Why have CMO’s and their advisors resisted multiple calls from most of Australia’s evidence based professional agencies, to take more precautionary workplace approaches in the face of the overwhelming evidence of failing infection controls ? This resistance to acknowledging the problem and failure to upgrade advice is now a contributing factor to the extent of the problem.
Failing to mandate the use of P2/N95 masks working with COVID patients, and continuing to resist call for that, was the first major example. The latest are statements that only a low percentage of COVID-positive healthcare staff have caught the virus from their workplace, using data from a contact tracing system that has an increasing number of healthcare staff with the source of infection unknown. The notion that the majority of workers are becoming infected outside of their workplace, when they are being infected at a rate hundreds of times higher than the general community, is frankly ridiculous.
Improper use of PPE is extensive and known to have been the cause of infections. In the case of masks, even when the correct P2/N95 masks are used, fit testing has been almost non-existent. Fit-testing is an essential part of a respiratory protection program, yet the debate continues in our highest-risk hospitals in Victoria as to whether it should be implemented. This demonstrates more defiance and stubbornness in the face of the evidence of failures. It is critically important to provide levels of training which ensure that safe work practice is [properly embedded in works behavior.
Government medical advice through CMO’s is coming from various medical panels which have generally not had health and safety expertise on them. They have been populated by epidemiologists and public health experts with a focus on patient care and community transmission. These panels have the high-level capability but need the knowledge and skills to provide guidance that takes into account the risks that workplaces present in outbreaks, and how to address those risks.
WorkSafe Victoria has been almost invisible in the government’s response to this workplace heath crisis. Just as the many agencies are having little impact on advice to CMOs, the regulator has had no prominence in the daily advice from the Government, and does not appear to be carrying out its full role in hospitals and aged care. If they ARE acting, they’re certainly doing it quietly. Many hospitals and aged care facilities not using higher levels of PPE despite it being available, and if only some of the media reports of work conditions are well-founded, it seems clear that a number of healthcare services have been in breach of health and safety legislation.

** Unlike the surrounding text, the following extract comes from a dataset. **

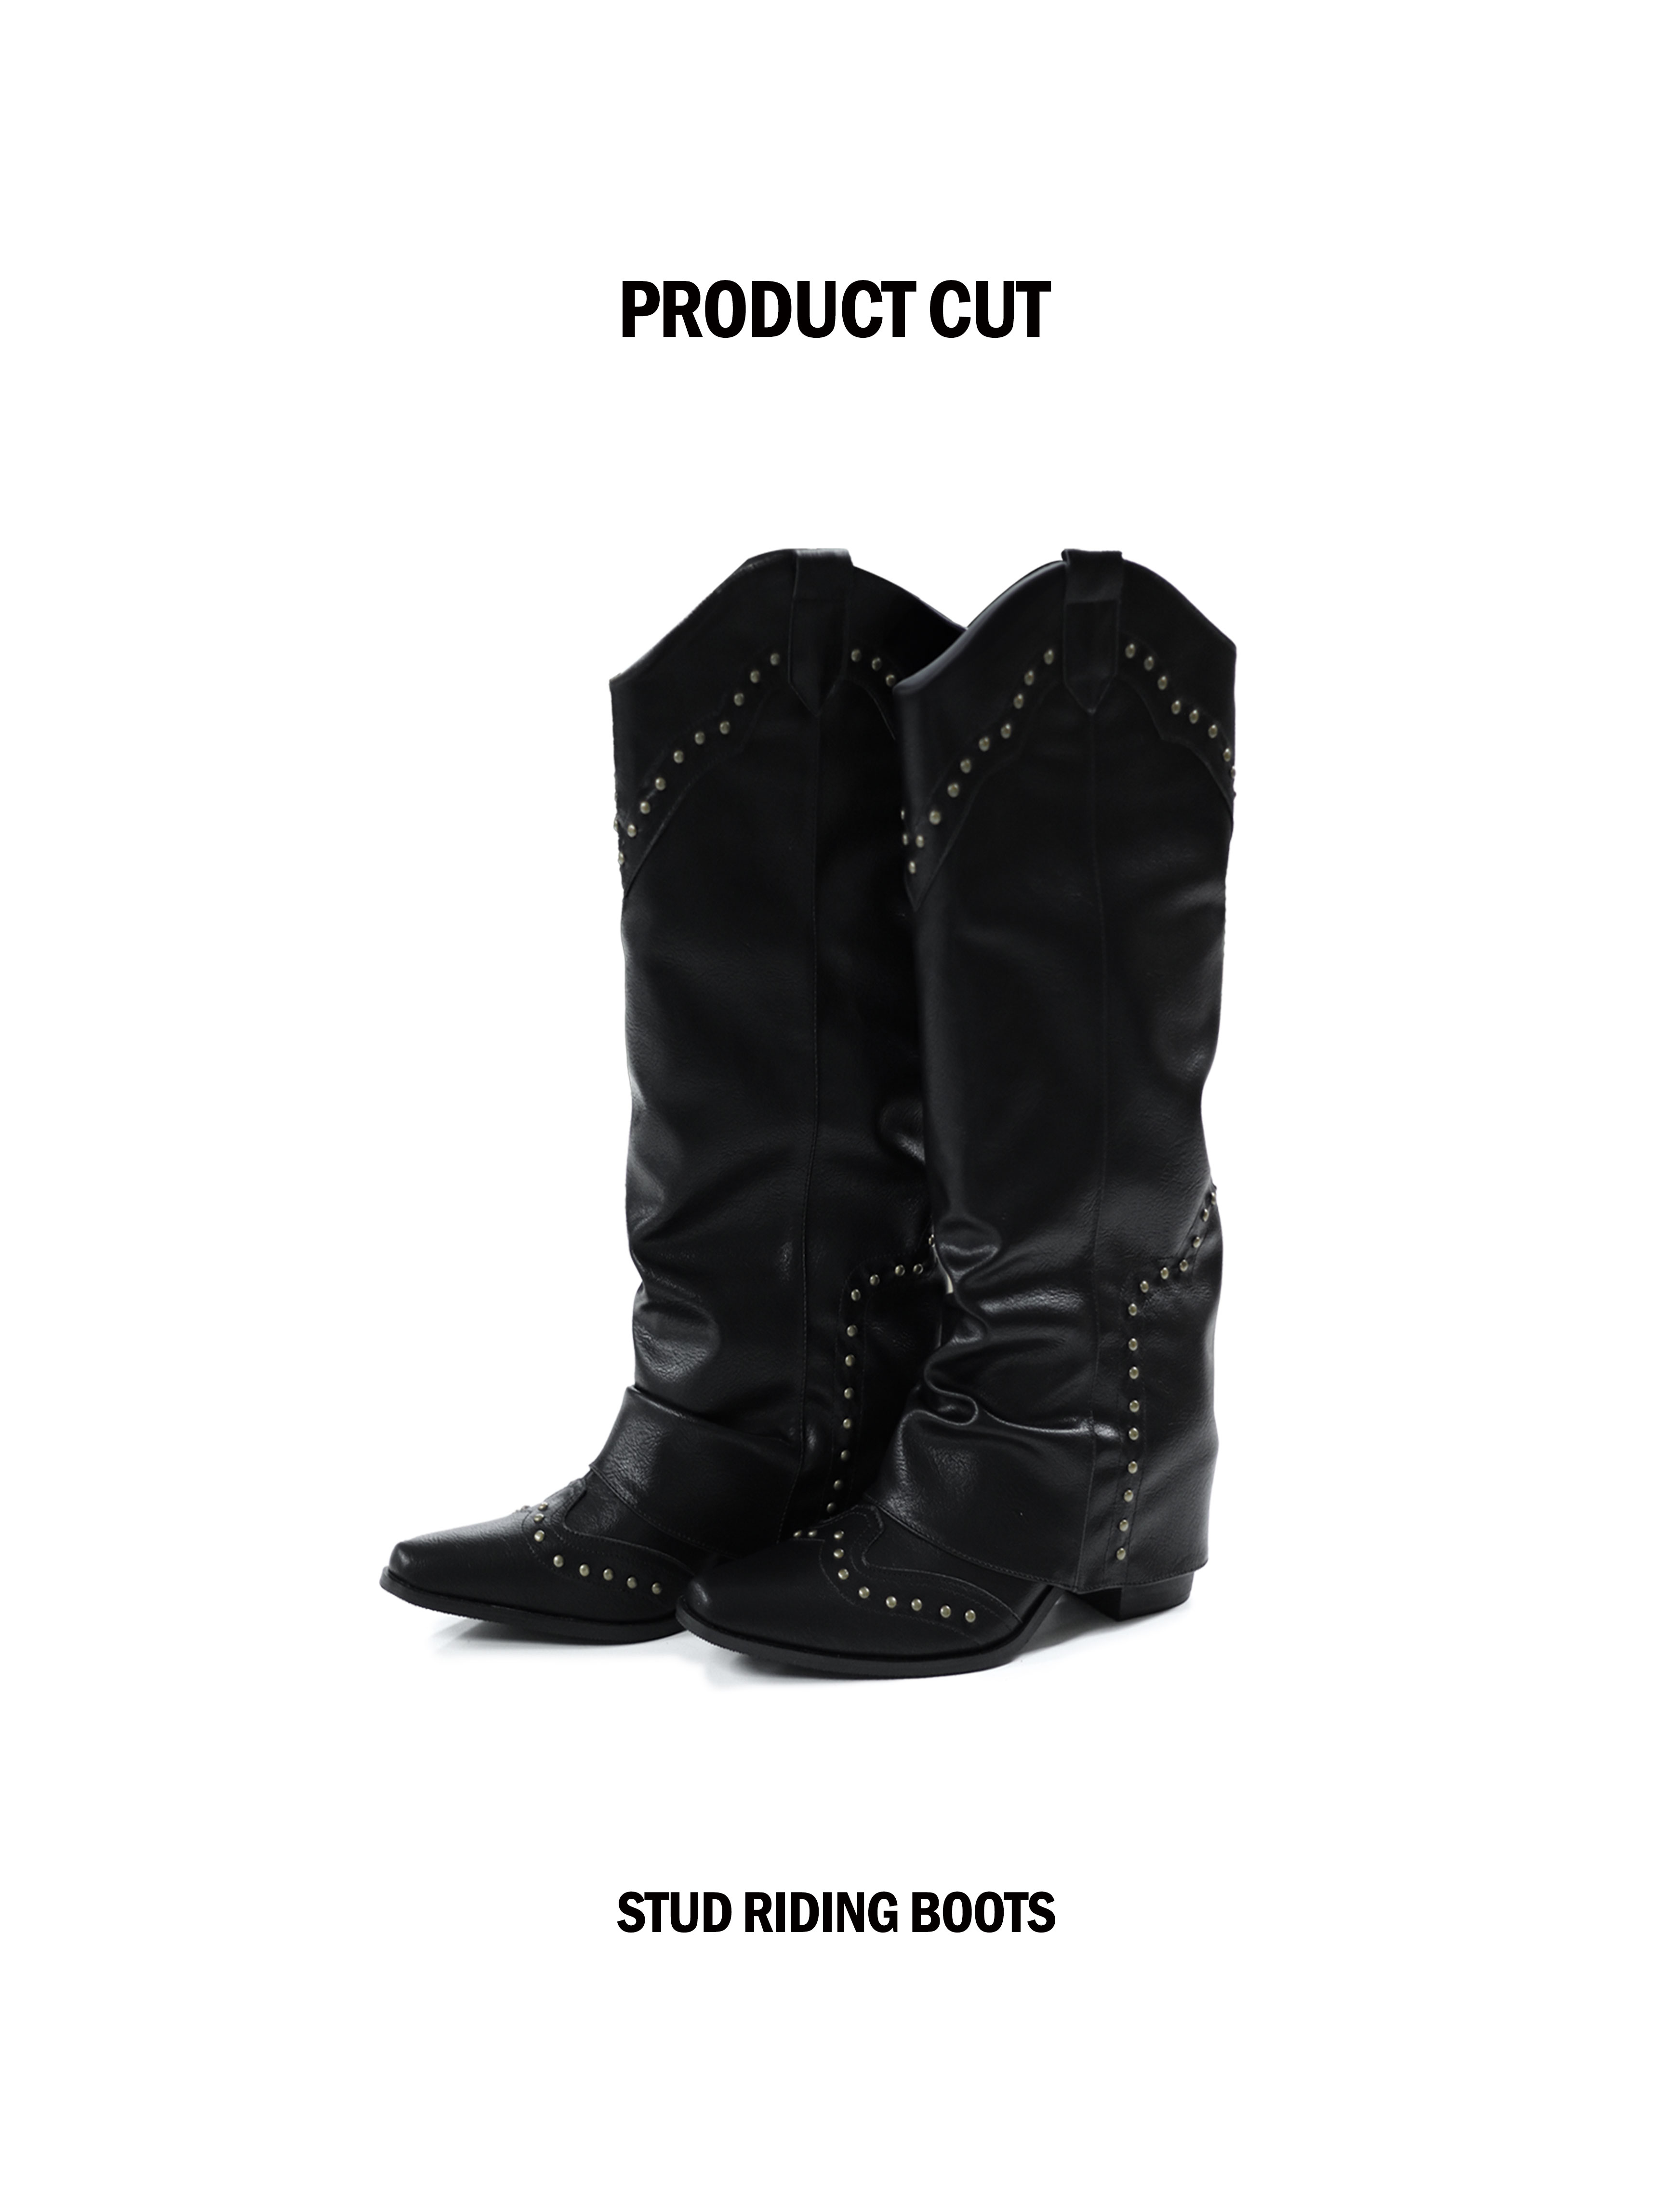 Stud riding boots

WorkSafe Victoria are the single most important agency for the prevention of workplace COVID-19 deaths in this state, and they have a leadership role to play in prevention in hospitals and aged care. They need to act now.
We can still act to reduce the damage done in Victoria and the other states and territories can learn from our mistakes.
In an outbreak we now know where one of the greatest risks is – infection of workers in healthcare – and unless we put a priority focus on the prevention of those infections or this problem will keep happening. In Victoria, health and safety knowledge, expertise, guidance and Workplace Health and Safety regulation must be urgently be brought to bear in the healthcare sector. These services need proper guidance and support from the right experts, and if they don’t take that guidance, then they need to be prosecuted.
Waves of COVID-19 may not be preventable, but rates of infection in healthcare services, and the subsequent death and suffering that comes from them CAN be vastly reduced if we apply sensible evidence-based health and safety practices, and use the protective measures that are available.
Australian Institute of Health and Safety.